Пусть и по другой причине.
– Успокойся, Алекс.
– Успокойся?! – Она переходит на крик, с каждым мгновением говорит все громче. – Из-за меня два человека в пыль превратились, а ты мне, блядь, успокоиться говоришь?! А если я сейчас то же самое с тобой сделаю?
Засмеяться будет слишком уж грубо, и я лишь вскидываю брови и криво усмехаюсь. Стоило прихватить джин из коридора и первым делом сунуть ей в руки выпивку вместо воды, тогда сейчас было бы попроще. Голубые глаза сверкают в ярком свете ламп, а ноздри раздуваются от гнева. Она злится, но еще сильнее – боится, и это видно по тому, как дрожат острые коленки, как раскраснелись щеки.
Алекс будто сама не понимает, чего хочет больше – расплакаться или продолжить кричать – и старается делать все сразу. В одно мгновение сидит с отсутствующим видом, роняя слезы, а в следующее уже бродит по комнате и кричит, словно это хоть немного облегчит ее страдания.
– Вряд ли у тебя получится, куколка, – хмыкаю я и опускаюсь на диван. Как ни в чем не бывало раскидываю руки по невысокой спинке и всем видом показываю, что совсем ее не боюсь. Да и с чего бы? – Но ты можешь попробовать. Это не так-то просто, если не хотеть по-настоящему. Как думаешь, сильно тебе хочется меня сжечь? Неужели в прошлый раз тебе так не понравилось?
Она могла бы разозлиться по-настоящему, но я изучил Алекс достаточно хорошо, чтобы понять: злость – последняя эмоция, которую она испытает. И правда, несколько мгновений куколка смотрит на меня из-под нахмуренных бровей, а затем поджимает губы и отворачивается, словно смутившись. От короткой вспышки ярости не остается и следа, лишь пепел. Точно как от парней, посланных Моралесом в южный офис сегодня вечером.
– А теперь, раз уж ты немного остыла, садись, – я похлопываю по спинке дивана, приглашая Алекс занять место рядом, – и мы нормально поговорим. Истерикой делу не поможешь.
На ее лице отражается весь спектр эмоций: от легкого возмущения до боли, что разъедает душу изнутри.

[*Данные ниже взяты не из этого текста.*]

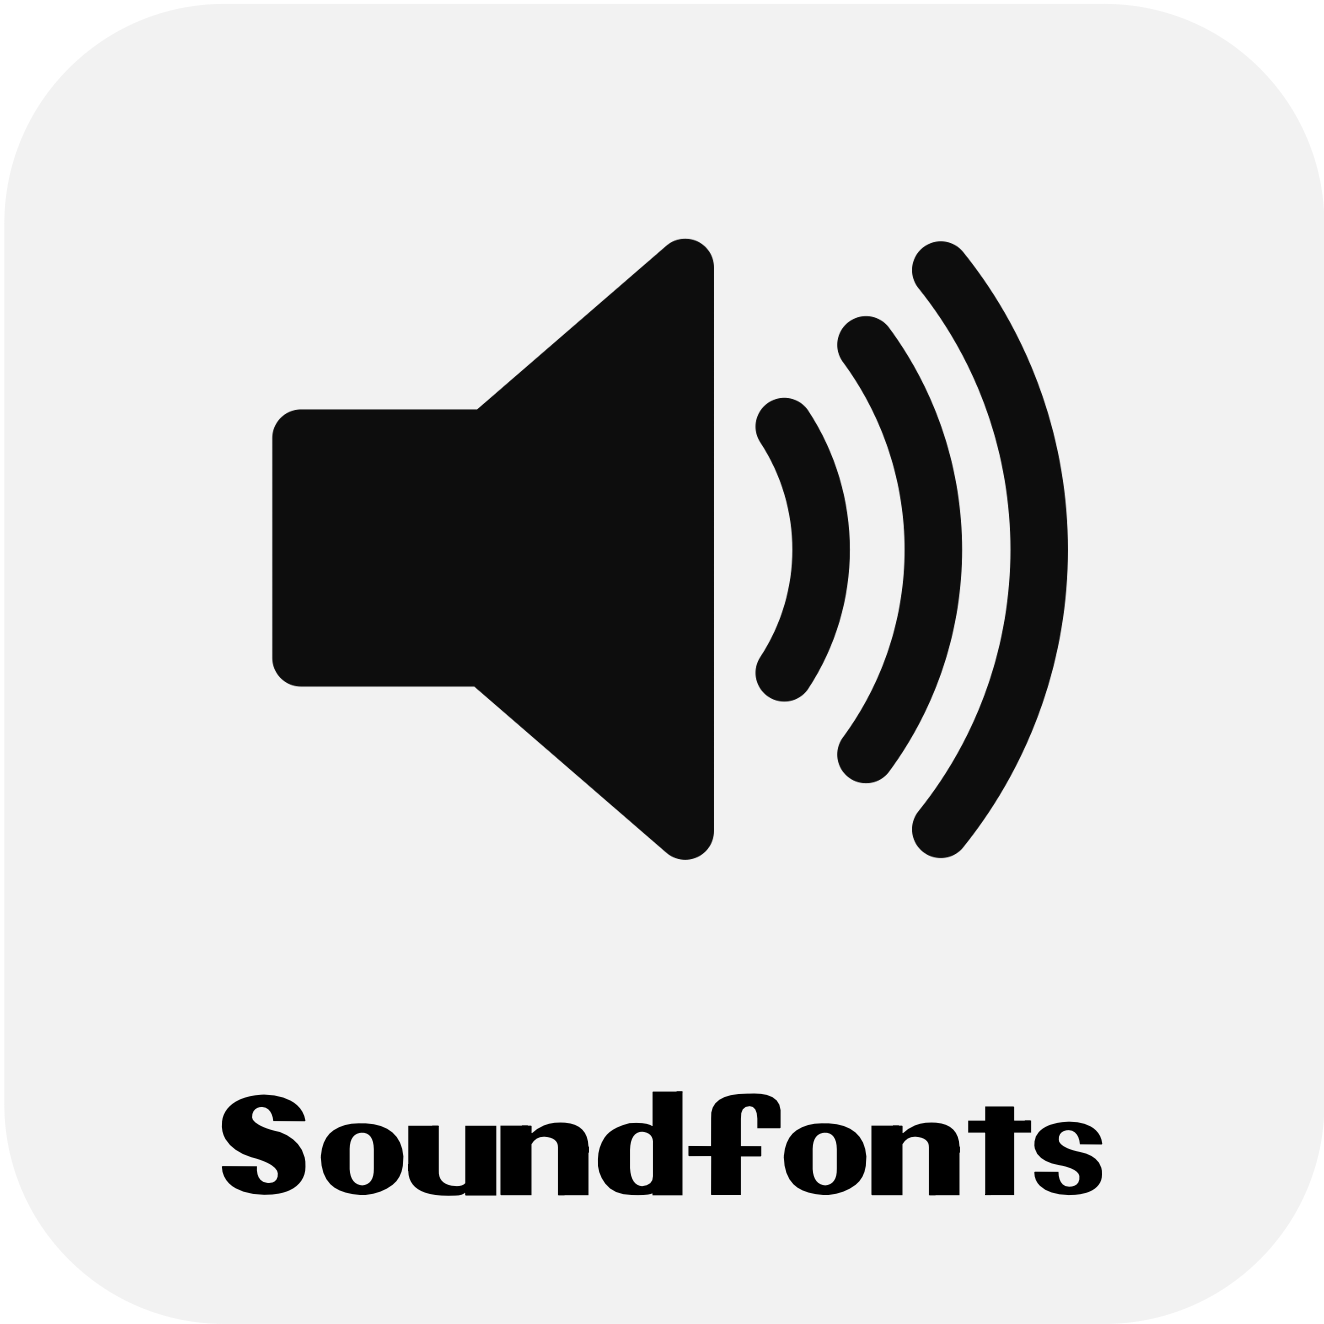 Soundfonts

До чего же подвижная у куколки мимика, диву даешься, как у нее получается в один момент корчить недовольную гримасу, а в следующий уже хлопать огромными голубыми глазами в попытках не расплакаться в очередной раз. Воистину женщины – удивительные создания, и Алекс среди них самая необычная.
Или, быть может, просто дорога мне сильнее прочих. Бред сумасшедшего, черт побери, я давно уже не привязываюсь к людям, особенно к девчонкам, которым по ошибке досталась часть моей метки. Все остальное – так, приятные дополнения.
Как ее притягательные острые ключицы, припухшие от укусов губы и длинные ноги. Я шумно выдыхаю и на мгновение прикрываю глаза, качая головой. Я давно уже не подросток, чтобы не суметь сдержать паршивое желание, когда это нужно.
– Ведешь себя как урод, – говорит Алекс гнусаво и хватает с кофейного столика упаковку бумажных салфеток. Достает одну из них и шумно, некрасиво высмаркивается. Но сегодня ей явно не до попыток держаться передо мной сильной и красивой. Впрочем, никогда у нее и не получалось. – Мог бы сказать что-то ободряющее, а не… Не такое дерьмо.
– Вряд ли Отбросы воскресли бы от пары моих слов. Я, знаешь ли, не всемогущий. – И я прекрасно знаю, как глубоко могут ранить слова. Судя по побледневшим щекам куколки, я попал в точку. – А если бы ты хотела просто выплакаться, то позвонила бы кому угодно, но не мне, Алекс.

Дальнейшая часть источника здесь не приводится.